Japanese director and writer, and one of the most important figures in 20th century cinema. Kurosawa was greatly influenced by Hollywood - John Ford being his idol - but more than any other film-maker was responsible for introducing Japanese films to West. He originally trained as an artist and worked as a studio scriptwriter, before directing his first film in 1943, the martial arts drama Judo Saga.
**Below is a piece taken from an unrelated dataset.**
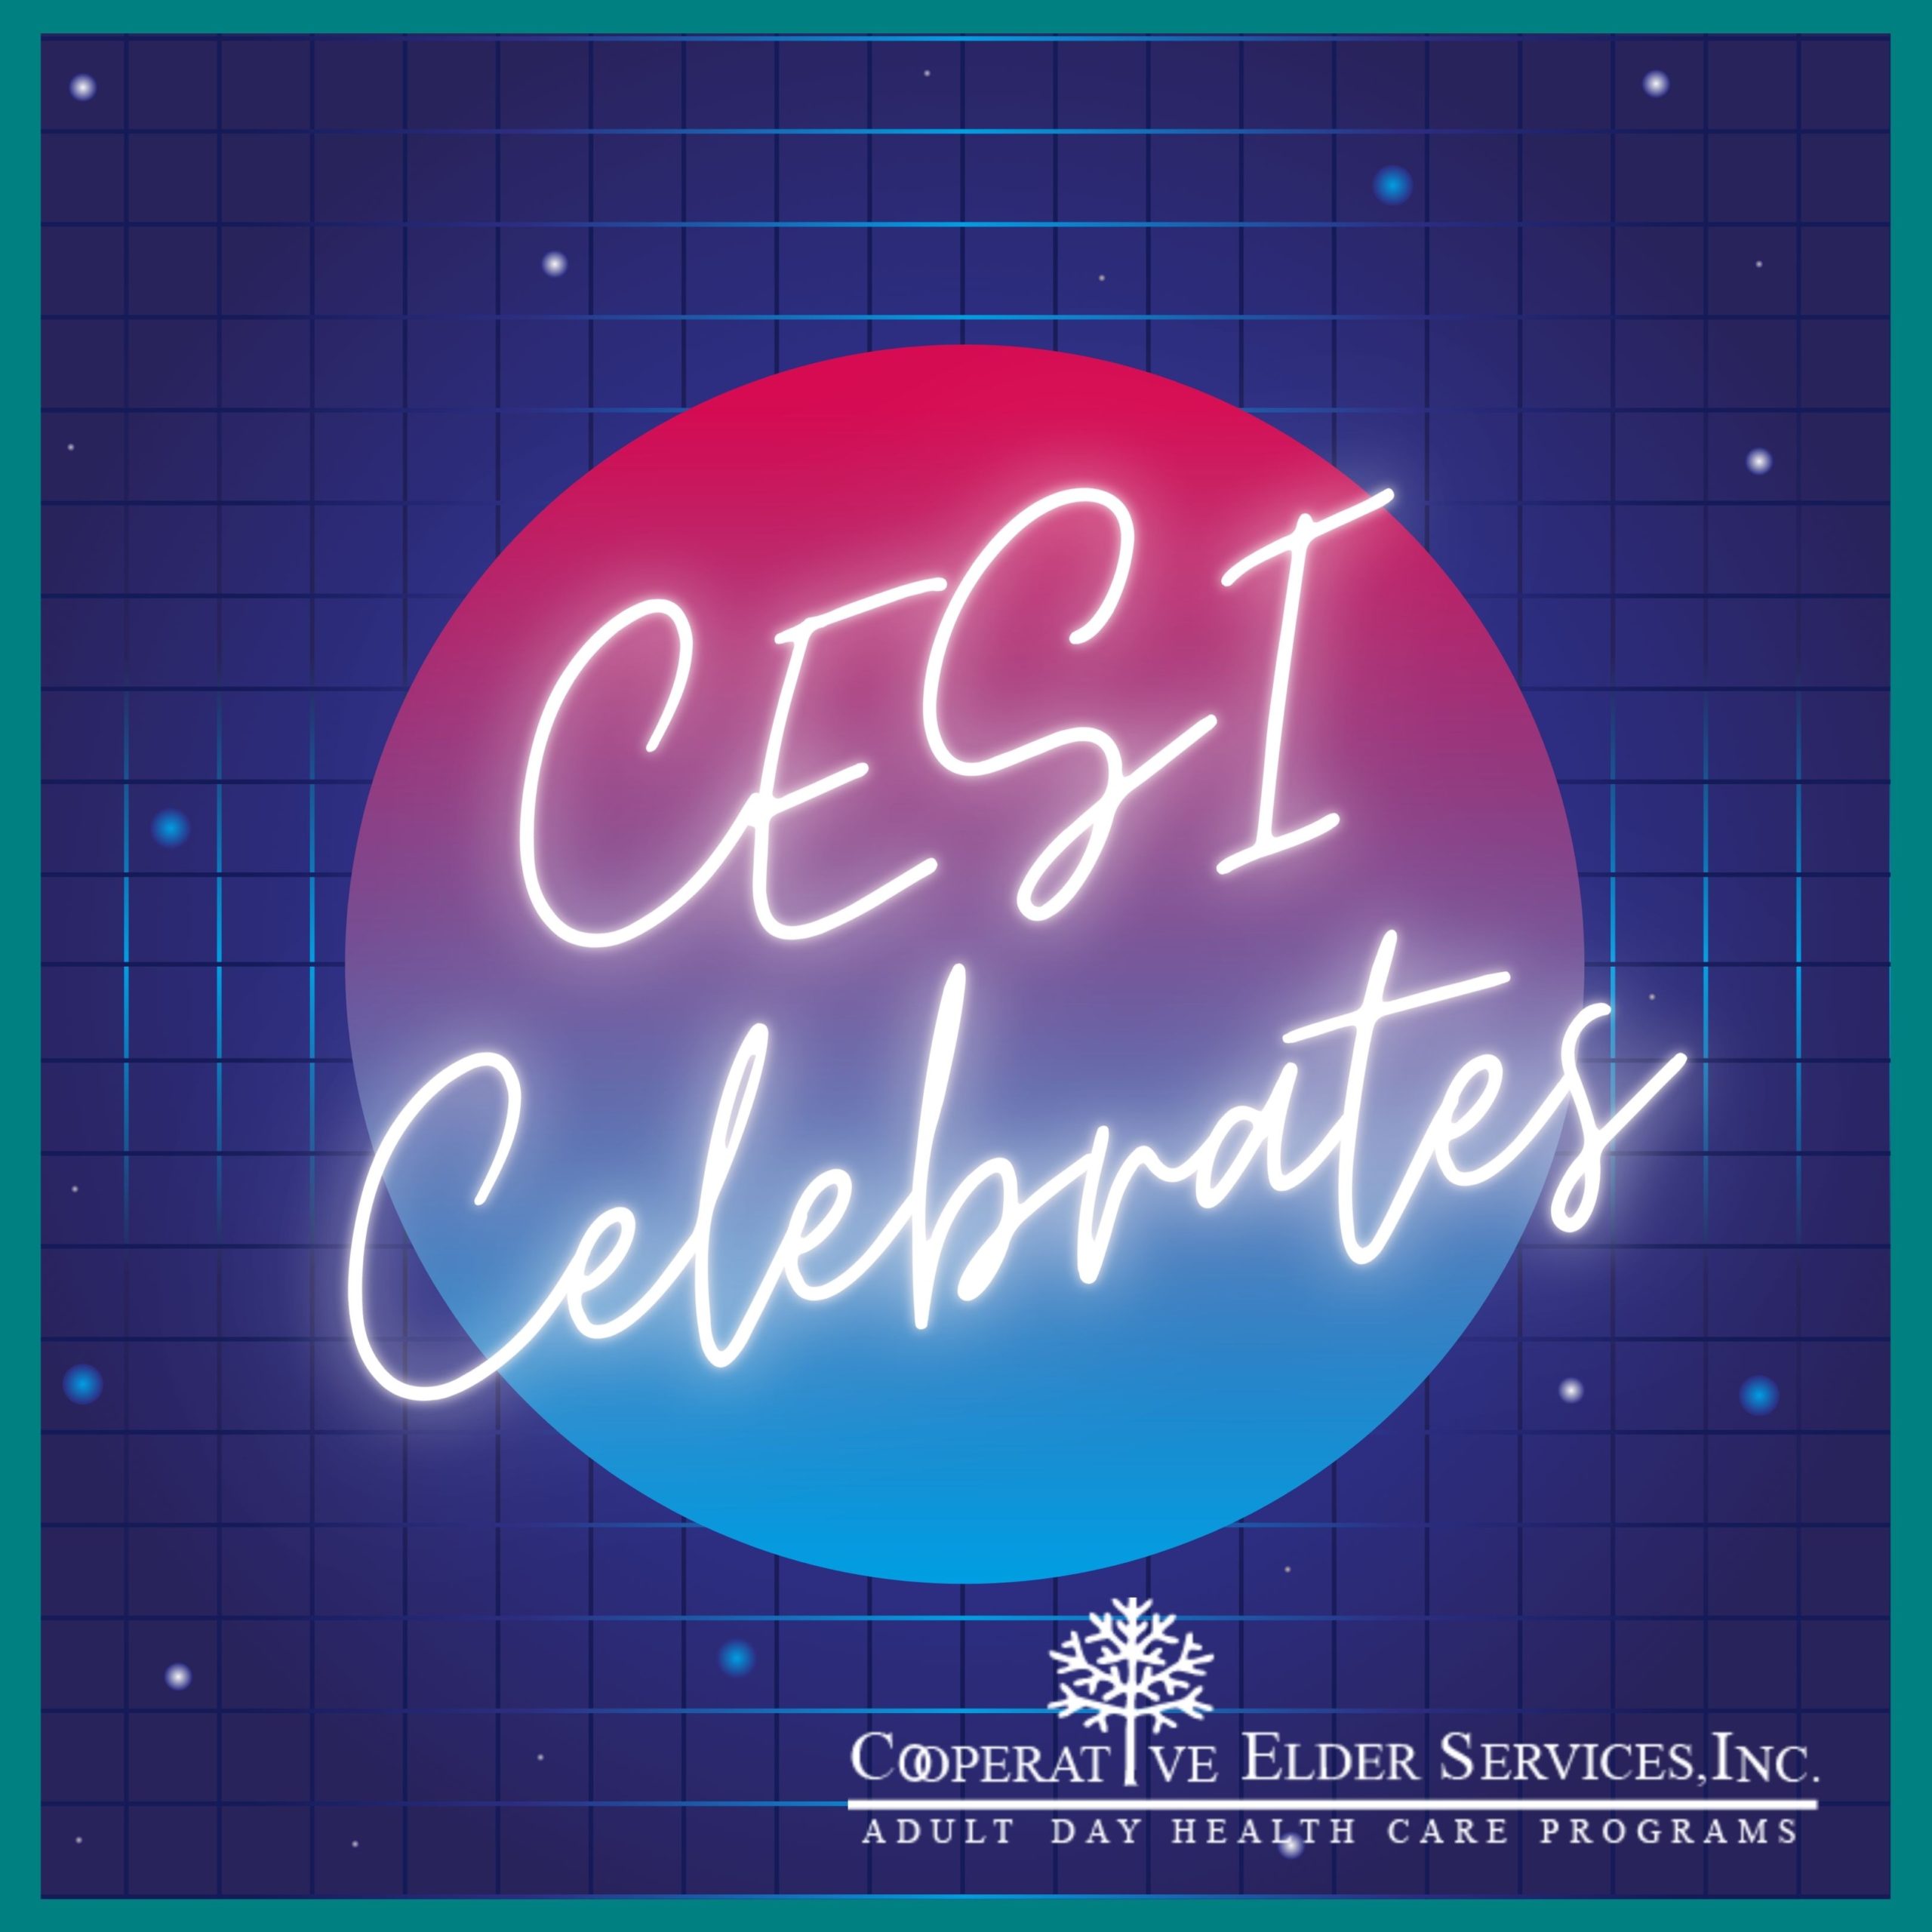 CESI Celebrates Logo

Kurosawa's next few films were made during World War II and had to adhere to strict state guidelines; it was 1948's gangster movie Drunken Angel that first saw the director's emerging personal vision, and was his first film to star regular leading man ToshirĂ´ Mifune.

Rashomon was the film that brought Kurosawa acclaim in the West, winning top prize at the Venice Film Festival in 1951, and a string of classics followed - Throne of Blood, The Hidden Fortress, Yojimbo, Seven Samurai - all set in Feudal Japan and combining incredible cinematography and thrilling action with humour, sadness and deep insights into human behaviour. The director also turned in some superb non-period film around this time too, such as the thrillers The Bad Sleep Well and High and Low.
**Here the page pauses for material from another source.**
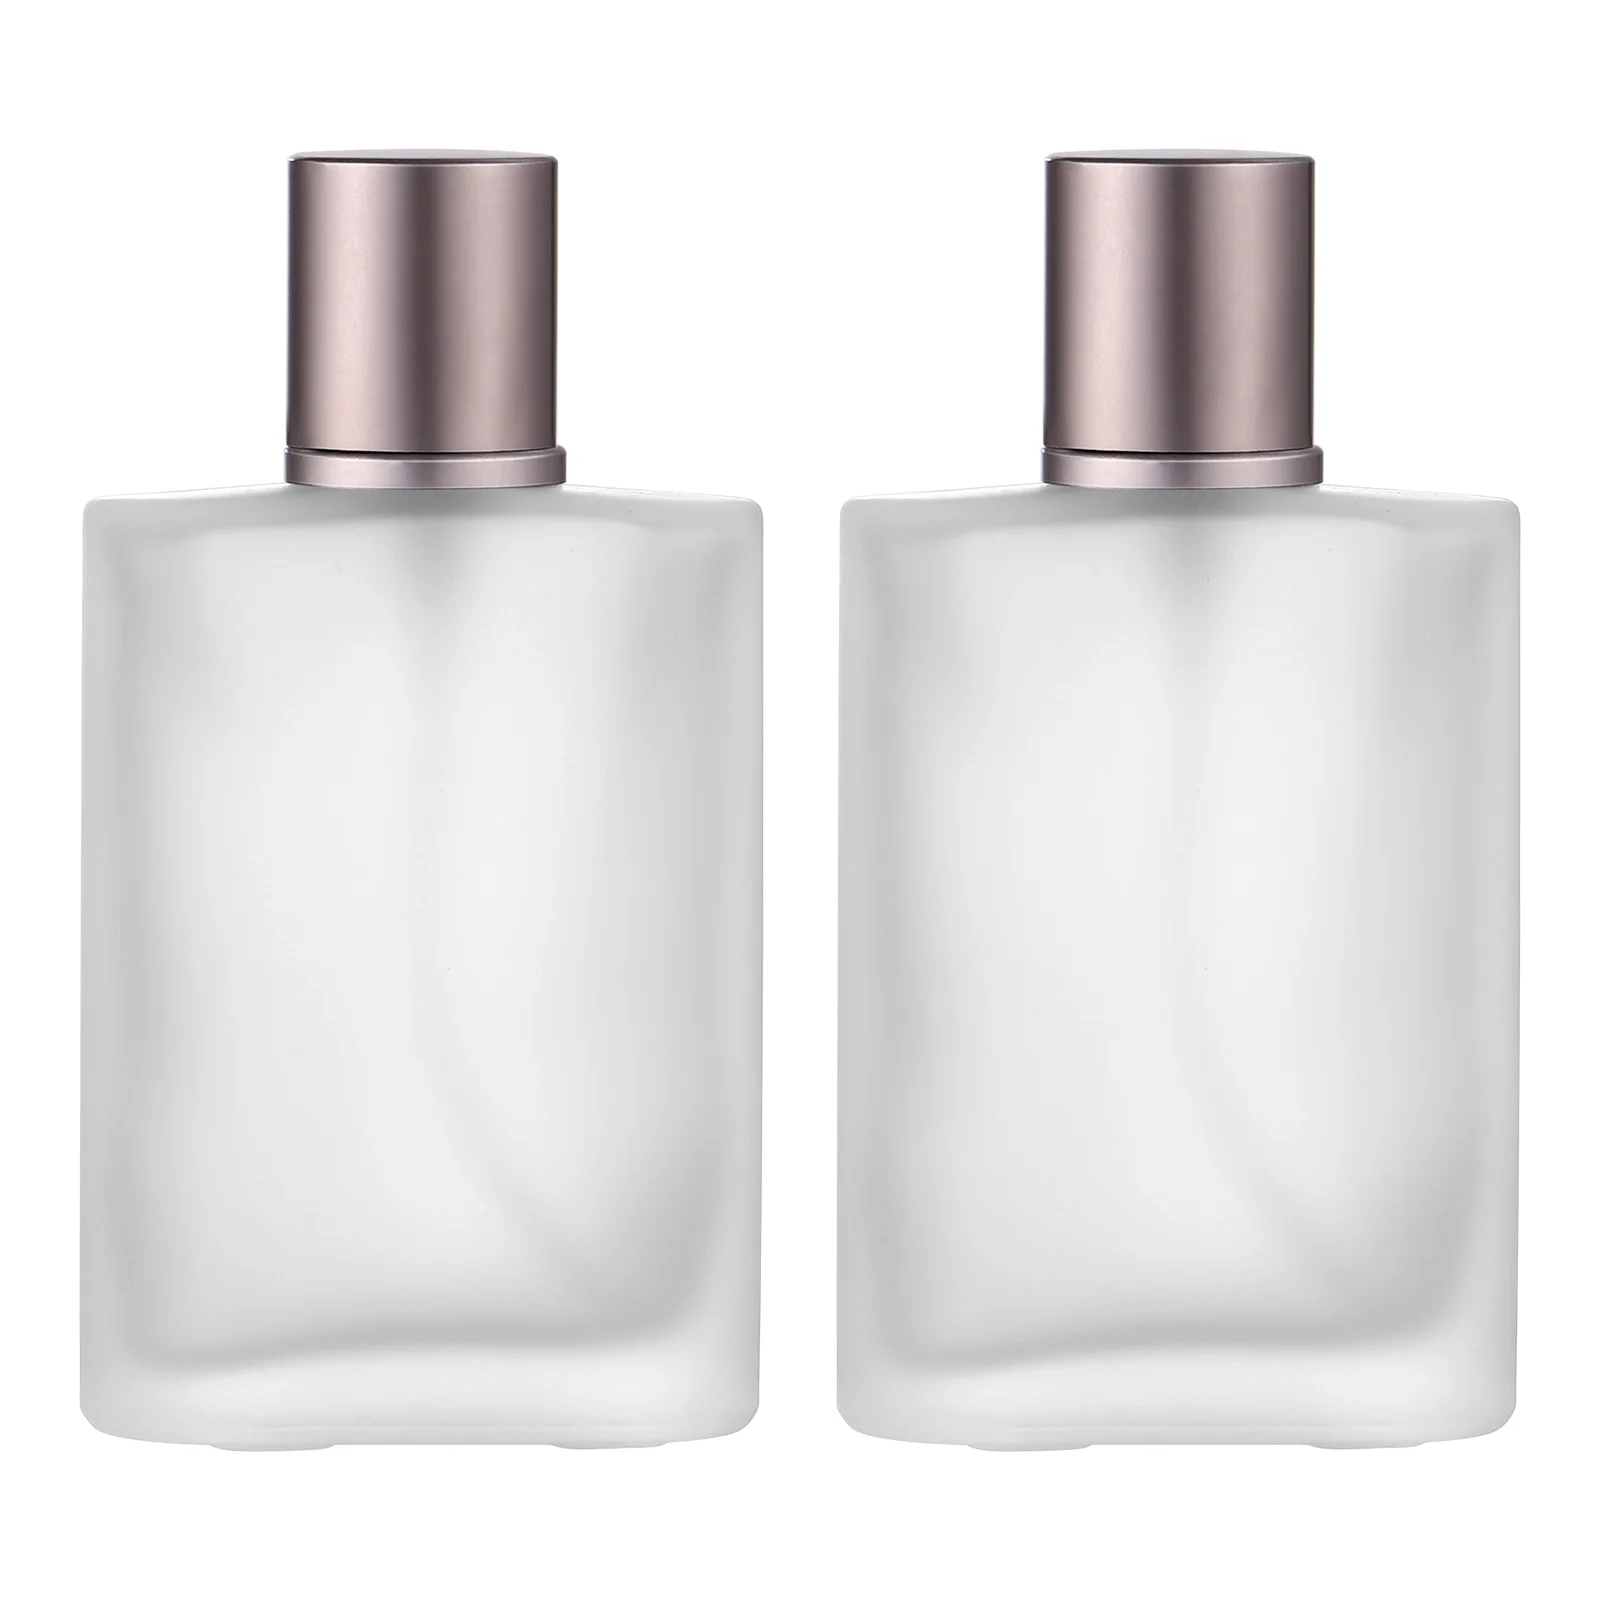 

Lurrose 2pcs Empty Perfume Bottles Dull Polish Spray Bottles Makeup Storage Bottles Supplies for Women Men (50ml)

The following decade proved a frustrating one for Kurosawa, as he struggled to get projects off the ground, culminating with the box office failure of Dodesukaden and a suicide attempt in 1970. The director's fortunes turned when 1975's Russian epic Dersu Uzala won the Best Foreign Language Oscar, while his next two films were among his very best - the beautifully shot Kagemusha and 1985's spectacular, hugely successful King Lear adaptation, Ran. Kurosawa's final films were smaller and more personal - Dreams, Rhapsody in August and Not Yet. He died of a stroke in 1998, aged 88.